In performance testing by Nasuni Corp, an enterprise cloud storage company, Microsoft Azure Blob Storage topped Amazon Simple Storage Service (Amazon S3)
Since December 2011, Nasuni has been testing cloud storage solutions and producing biennial reports that detail write/read/delete times, availability, and scalability.
The State of Cloud Storage Report 2015 shows Azure was the winner overall, but Amazon S3 came in second in some important metrics.
“Microsoft made great strides in its cloud storage service, since Nasuni’s first cloud storage provider (CSP), report in December 2011,” the company stated this week in a press release. “In that report, even though Microsoft performed well in that report, Amazon was clearly better. This changed in the February 2013 CSP Report when Microsoft surpassed Amazon to take the top spot. The 2015 CSP report reveals that Microsoft has maintained its position as the best cloud storage performer.
Although it was limited to storage, the study confirms other cloud computing studies that show Amazon Web Services Inc. is maintaining its market leadership position. However, Microsoft Azure is making gains and is generally considered the strongest challenger.
Google Cloud Storage came in third place among these challengers in the new Nasuni tests. The company stated that it had intended to test IBM’s SoftLayer and HP’s Cloud Object Storage, but problems prevented this.
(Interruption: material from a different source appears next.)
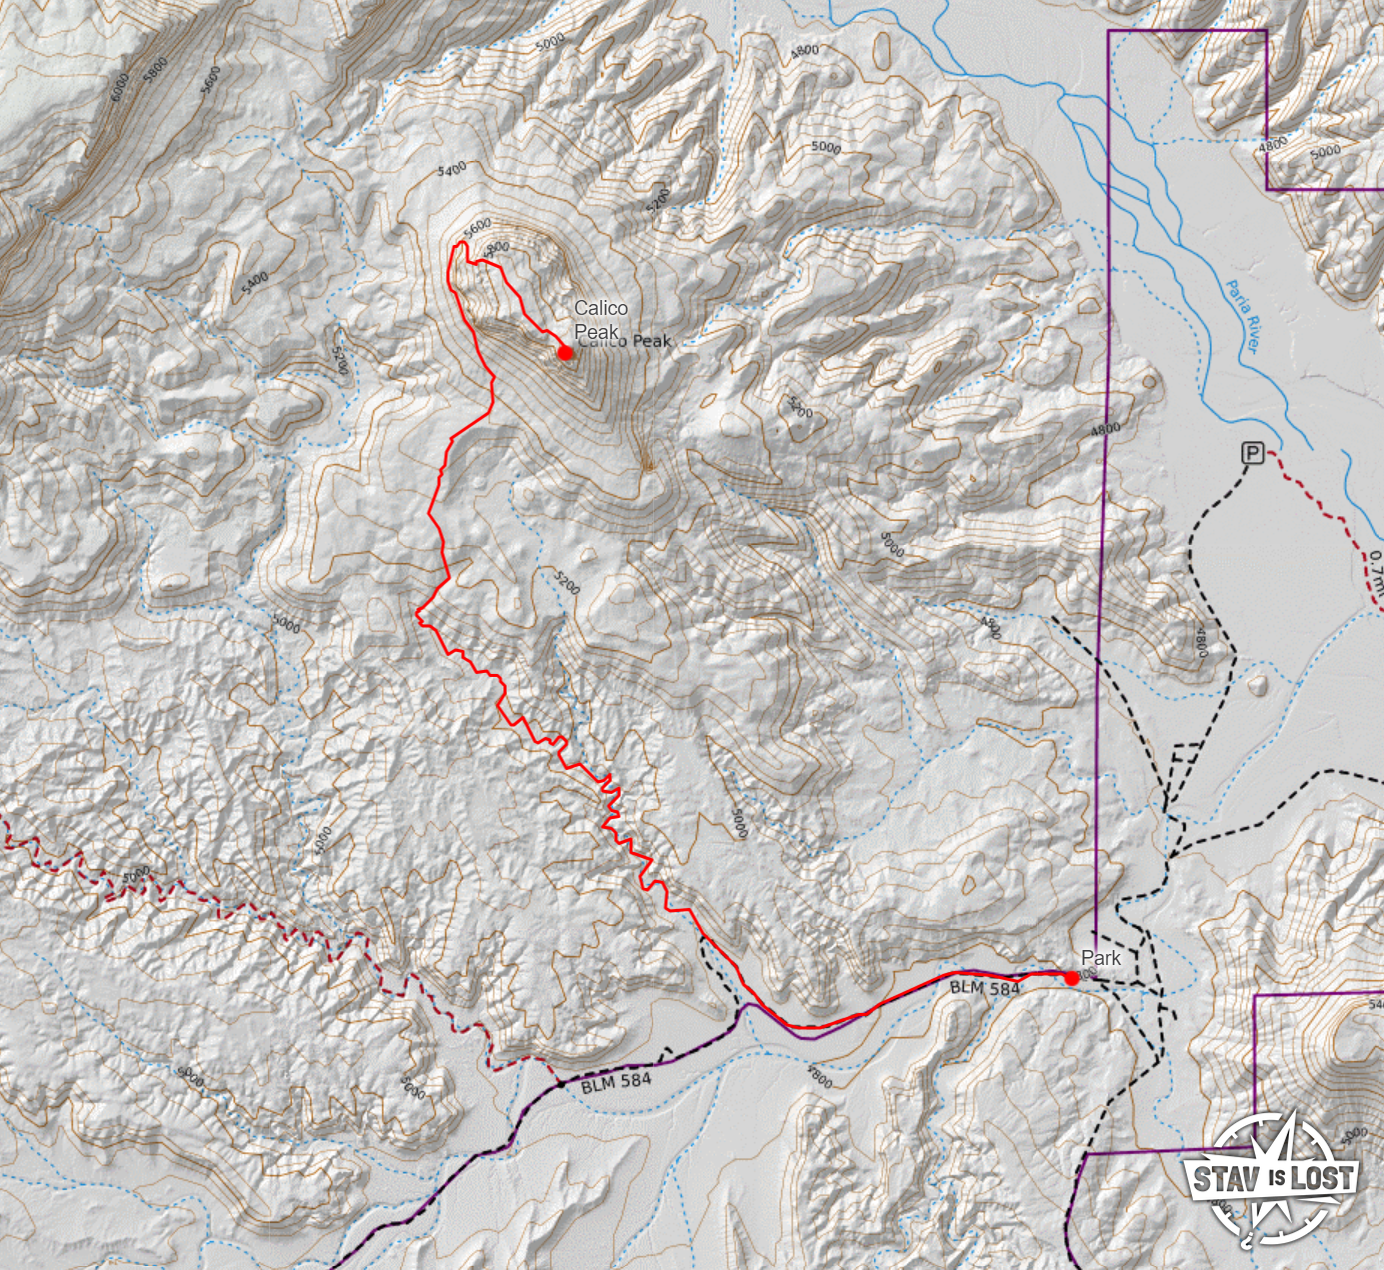 map for Calico Peak by stav is lost
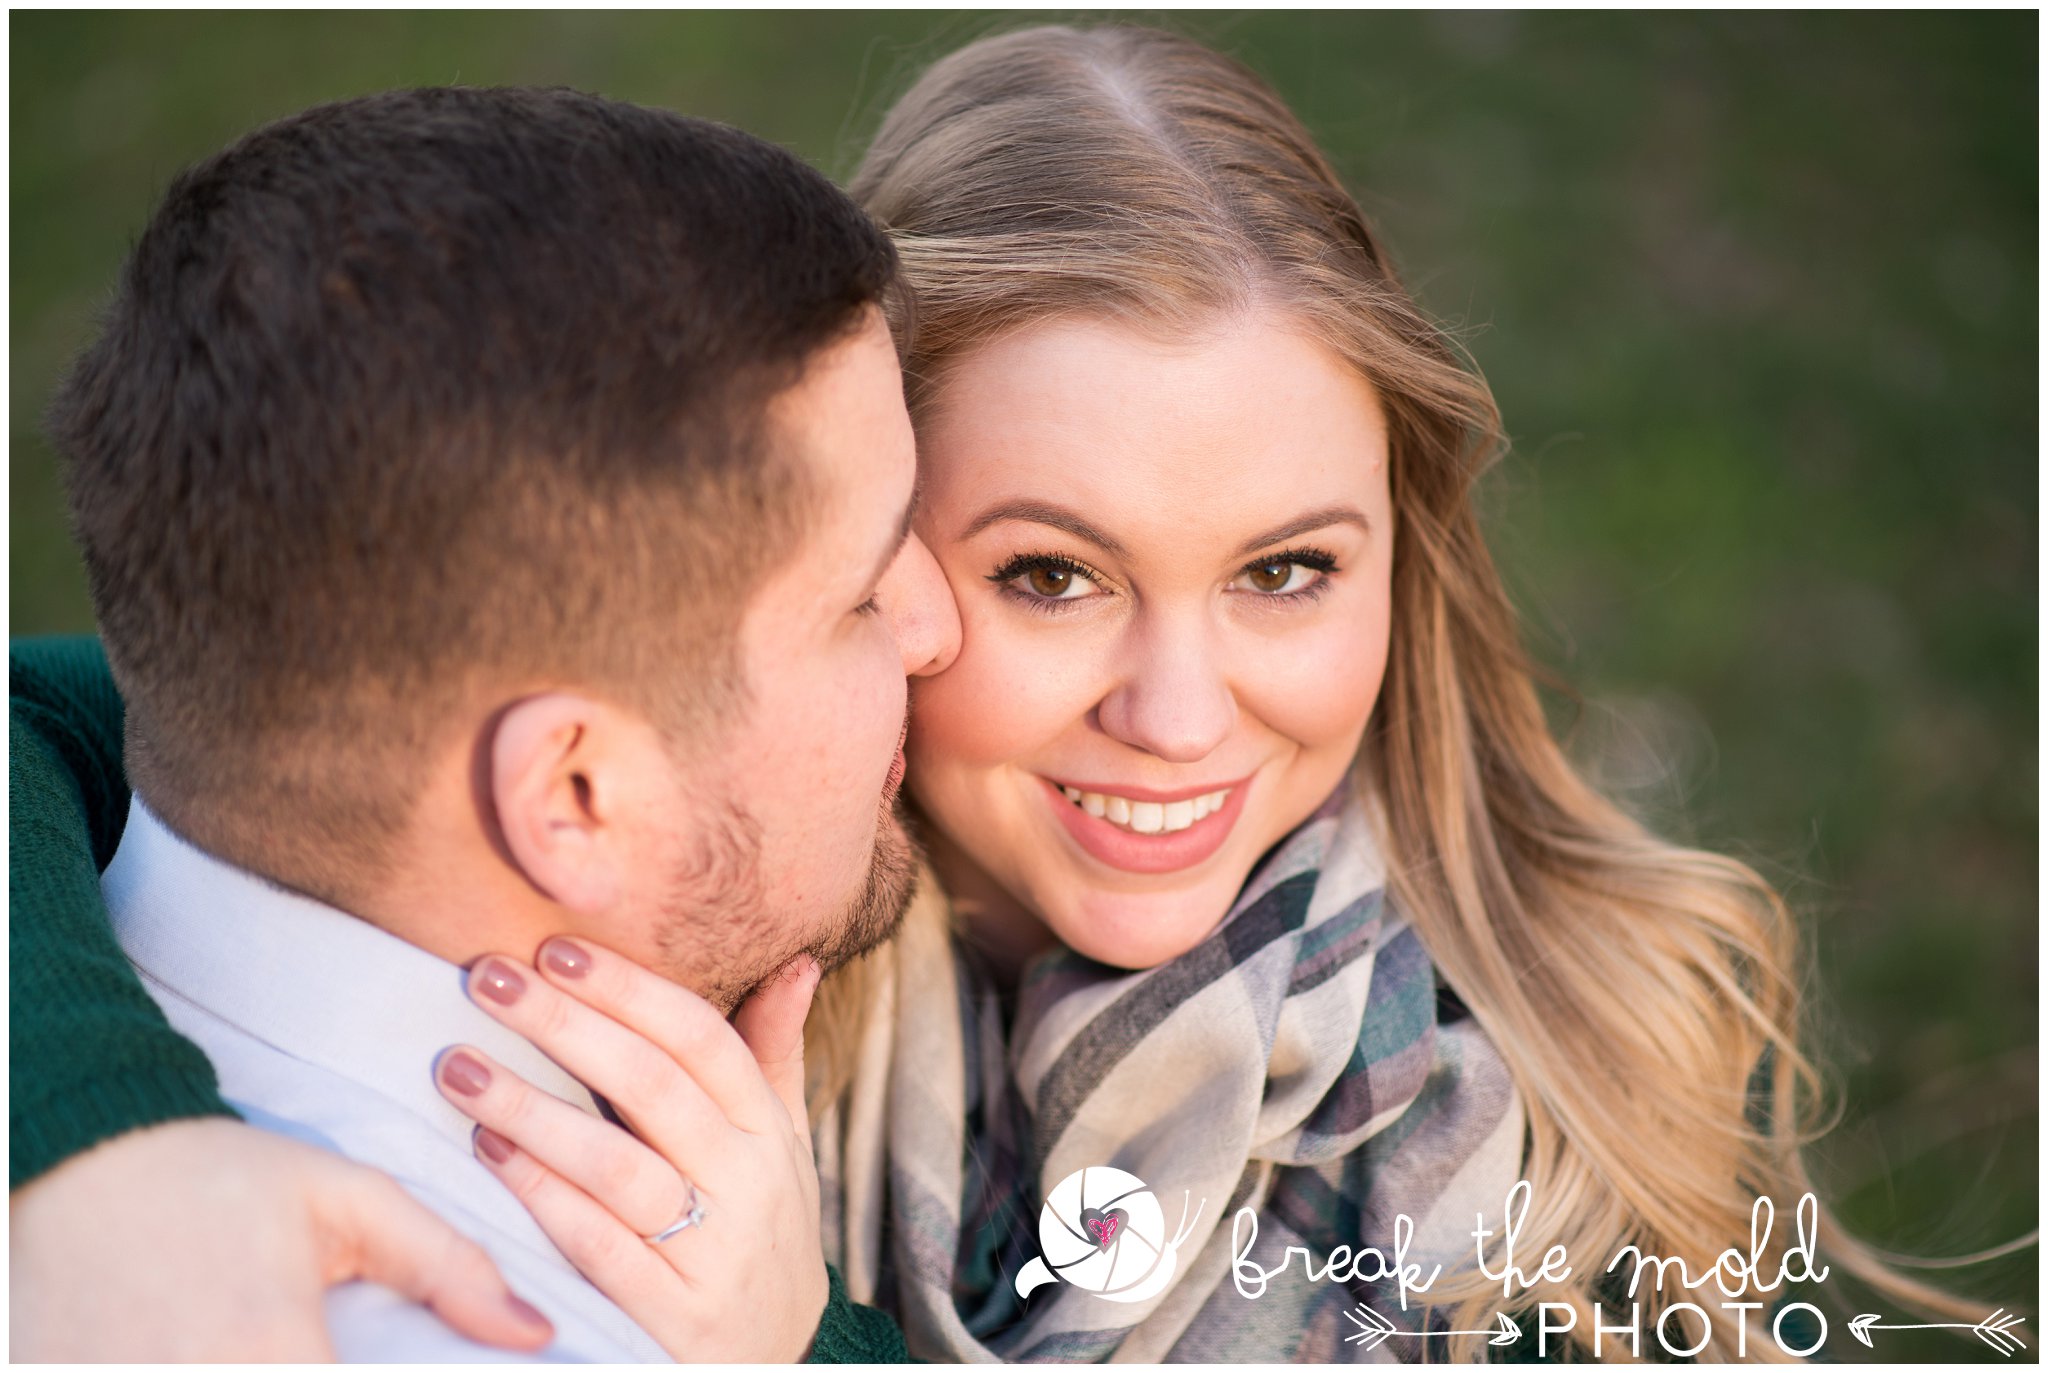 break-the-mold-photo-engagement-session-downtown-knoxville-try-before-you-buy_9869.jpg

[Click on the image to see a larger view.] Average Daily Response Time (source Nasuni Corp.). Nasuni stated that it tests cloud storage providers for its use, but shares the information it collects. It considers public cloud storage providers commodity resources for its Cloud NAS service, and compares its cloud storage testing with the way storage companies test commodity disk drive drives.
According to specific metrics, Nasuni found Azure Blob Storage was the fastest in terms of write speed. However, Amazon S3 was better at handling files larger than 1 megabyte. Azure was also the leader in read speeds, though by a smaller margin. Microsoft was the clear leader in deletion tests.
Amazon had a slight edge in availability, and also posted faster response times.
Nasuni stated that it tested the variance in write speed when writing 100 million objects, the amount of write misses, read misses, and the tradeoff between variance & write speed.
Nasuni stated that Microsoft had the largest write variance. It was more than 130x larger than Google’s. “Read and writing errors were virtually non-existent. Amazon was the only company to show any errors. Five write errors were found on more than 100 million objects. This gives an error rate of.00005%.
Andres Rodriguez, CEO at Nasuni, stated that Microsoft’s continued investments in its second-generation cloud storage platform continue to pay off. “Amazon S3 was not far behind Microsoft and even beat Microsoft in some areas such as write speed for large file. Amazon and Microsoft are two solid, mature CSPs that enterprise IT can rely on to replace the spinning disk in their datacenters.